## Exercise instructions
Leaving the images aside, transcribe all the data below exactly.

══ Data

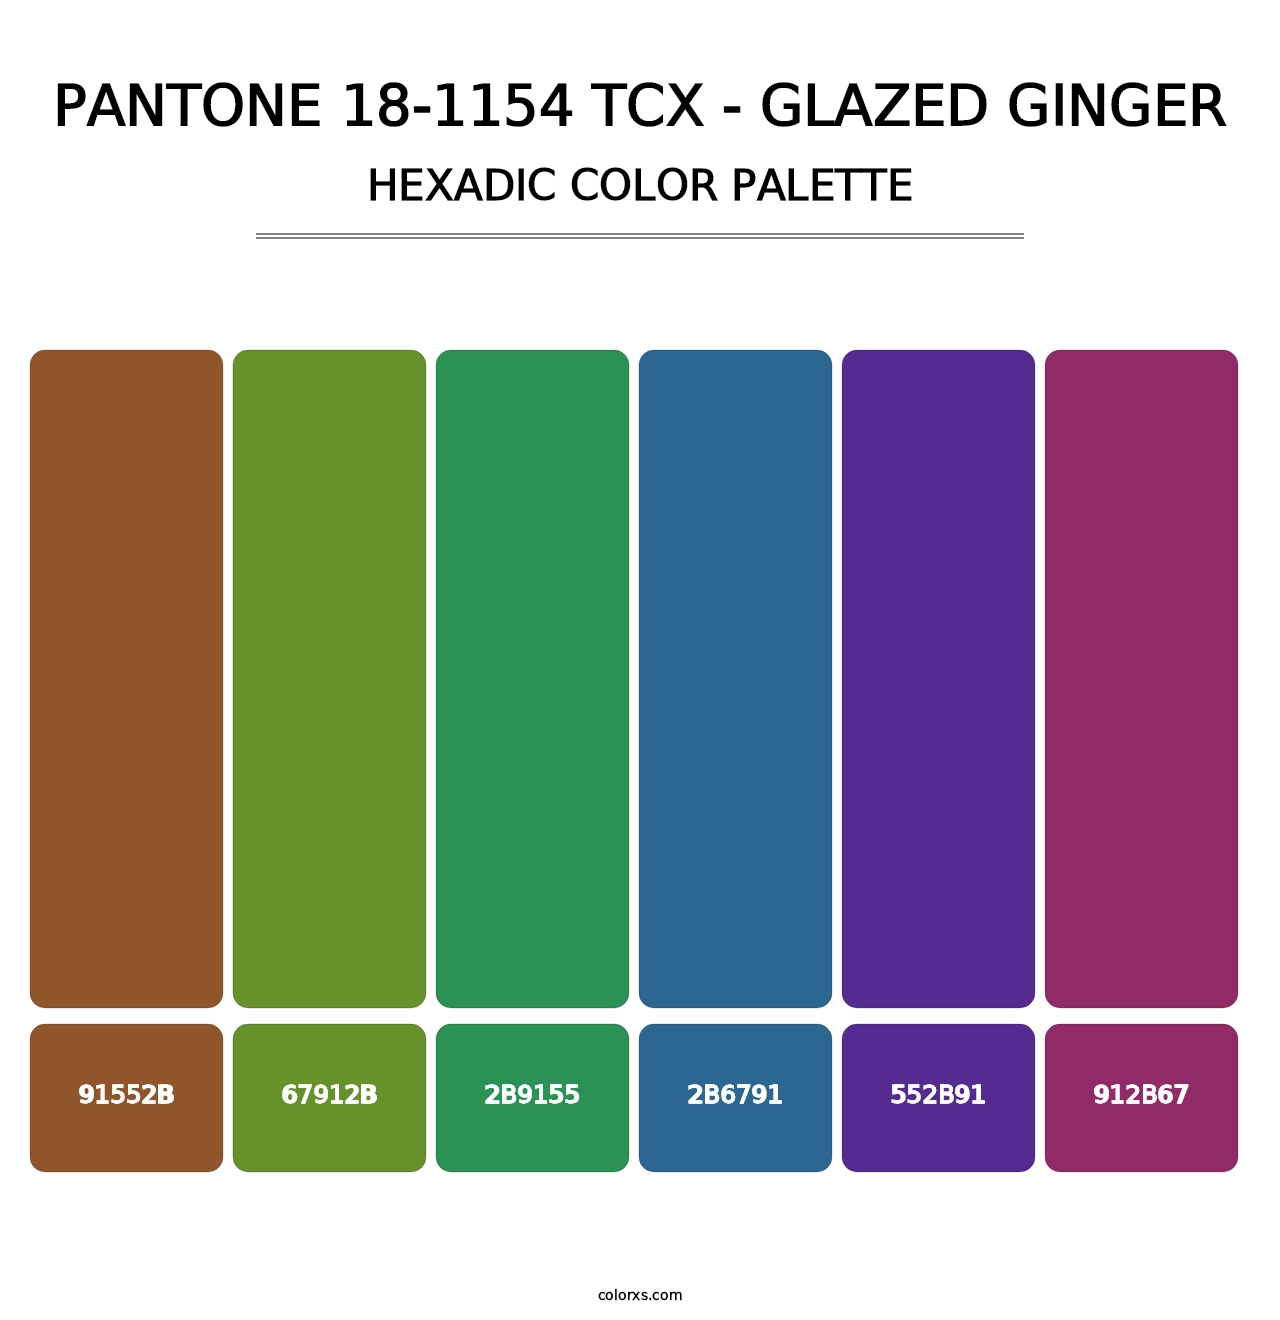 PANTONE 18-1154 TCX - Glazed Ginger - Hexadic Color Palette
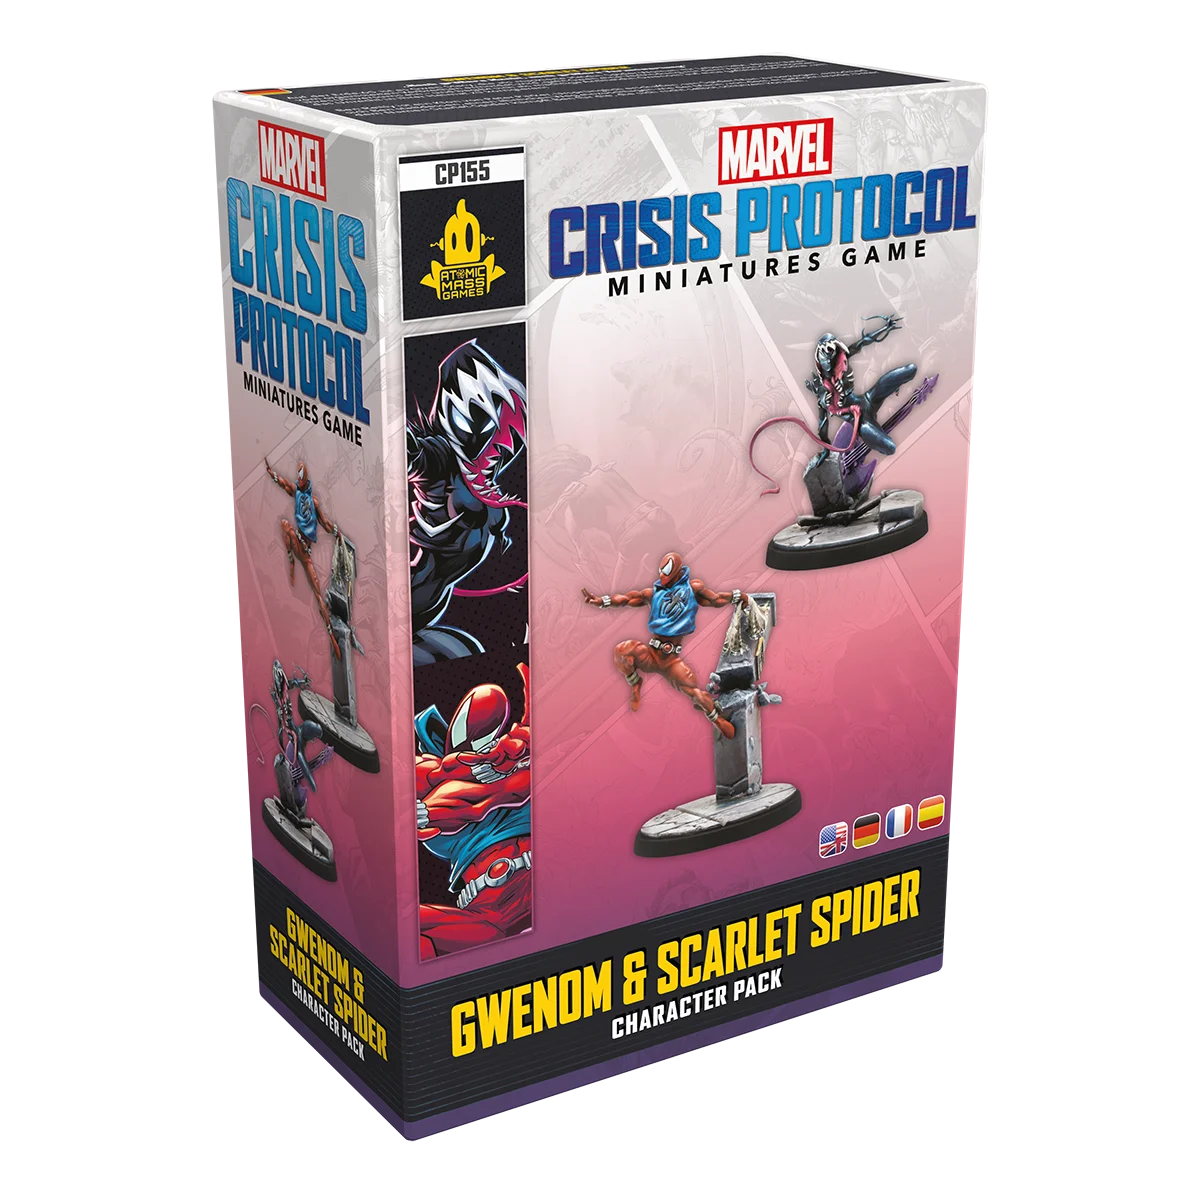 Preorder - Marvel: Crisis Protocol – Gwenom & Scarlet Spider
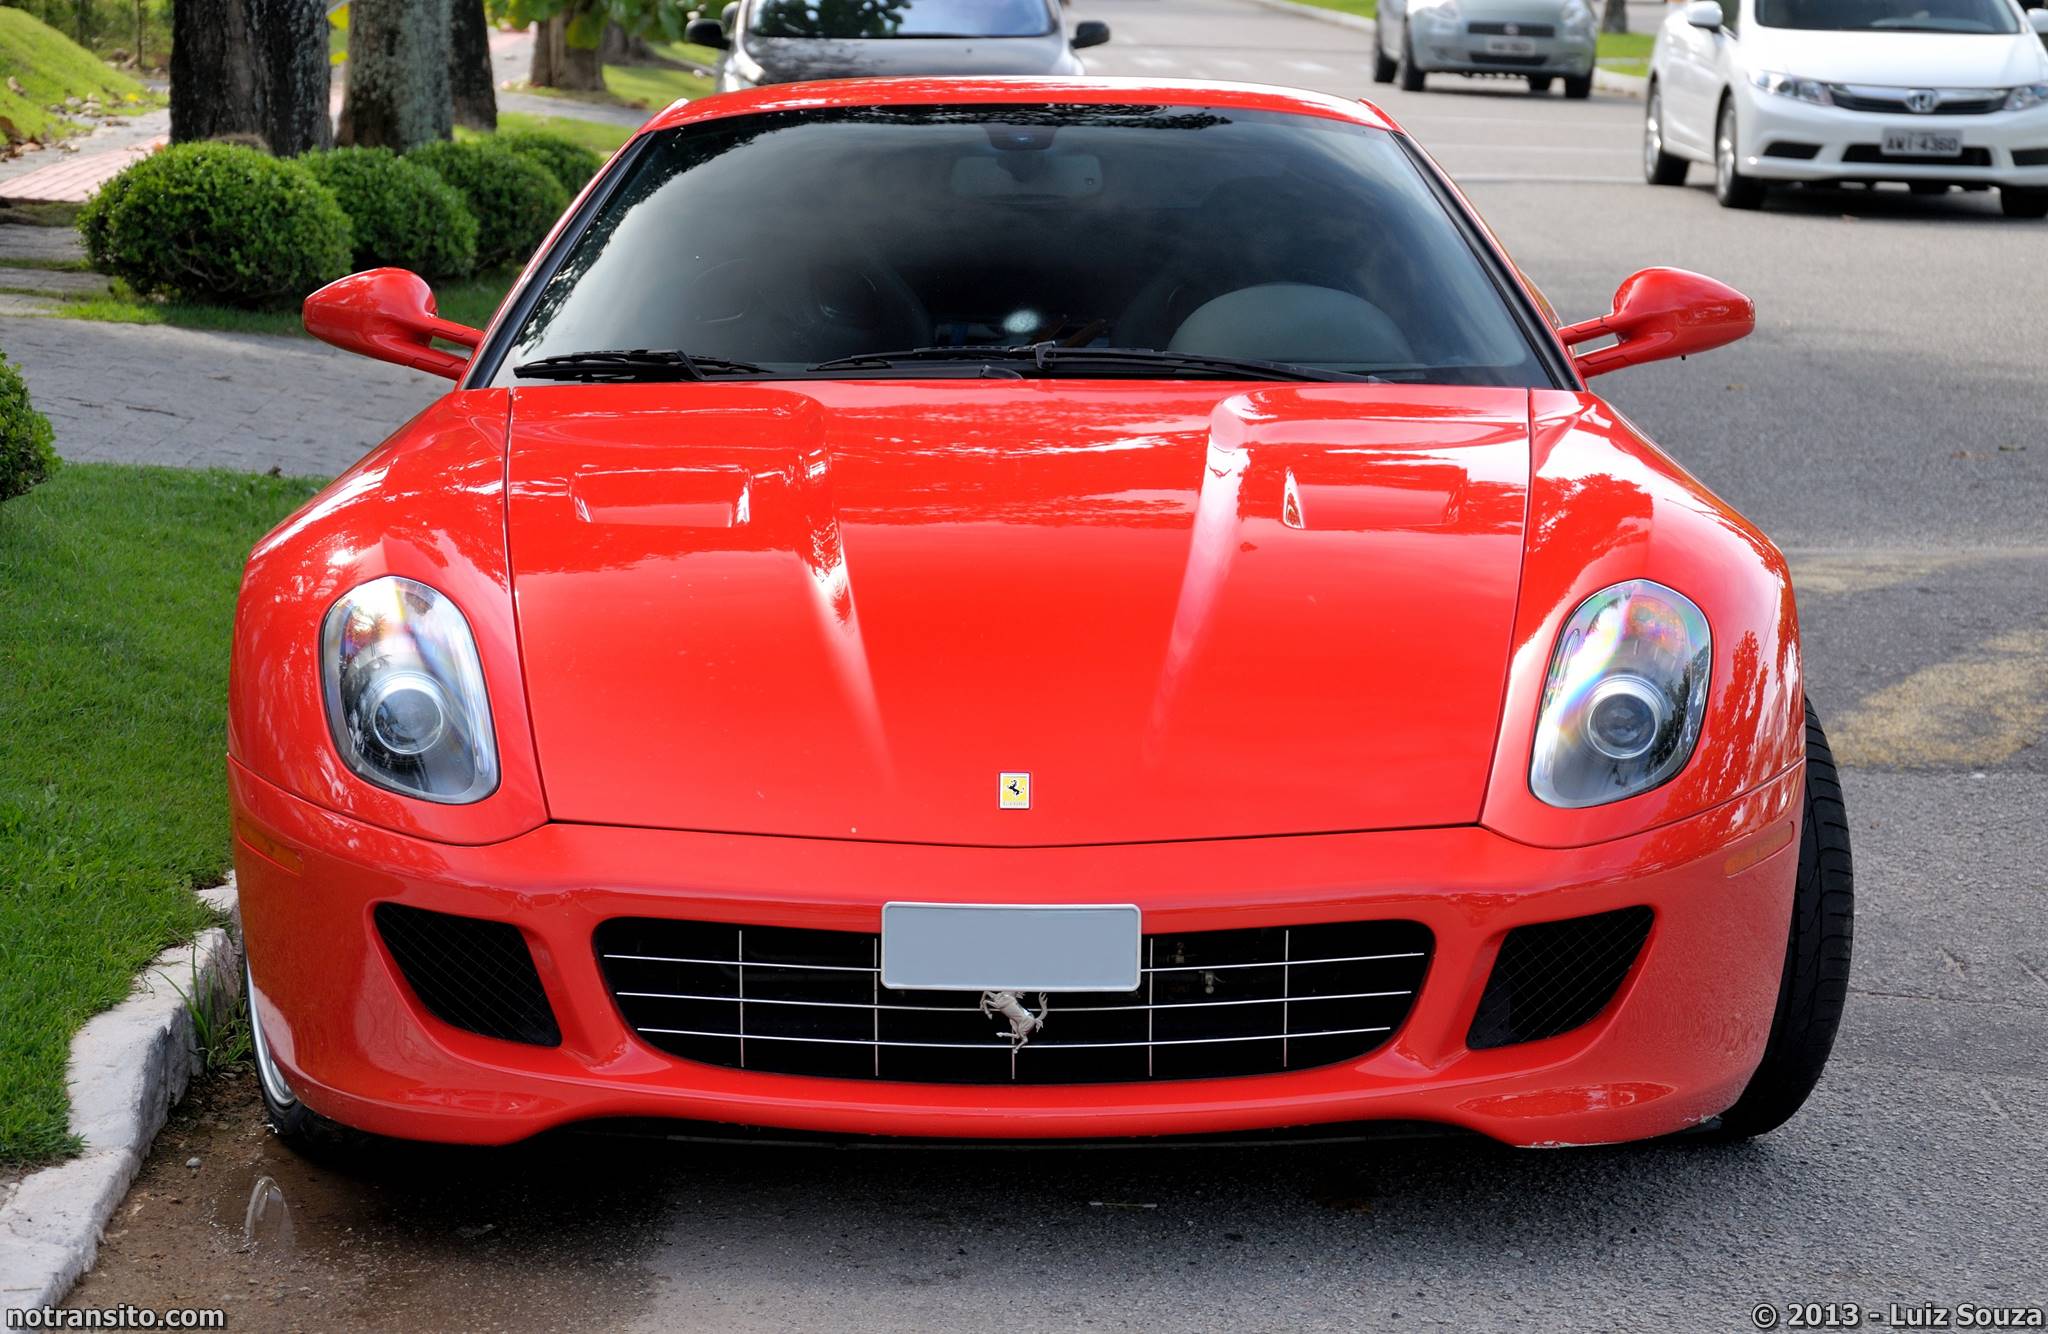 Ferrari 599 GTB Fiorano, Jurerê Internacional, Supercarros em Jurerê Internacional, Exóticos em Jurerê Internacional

════

## Exercise solution
 PANTONE 18-1154 TCX - Glazed Ginger - Hexadic Color Palette
 Preorder - Marvel: Crisis Protocol – Gwenom & Scarlet Spider
 Ferrari 599 GTB Fiorano, Jurerê Internacional, Supercarros em Jurerê Internacional, Exóticos em Jurerê Internacional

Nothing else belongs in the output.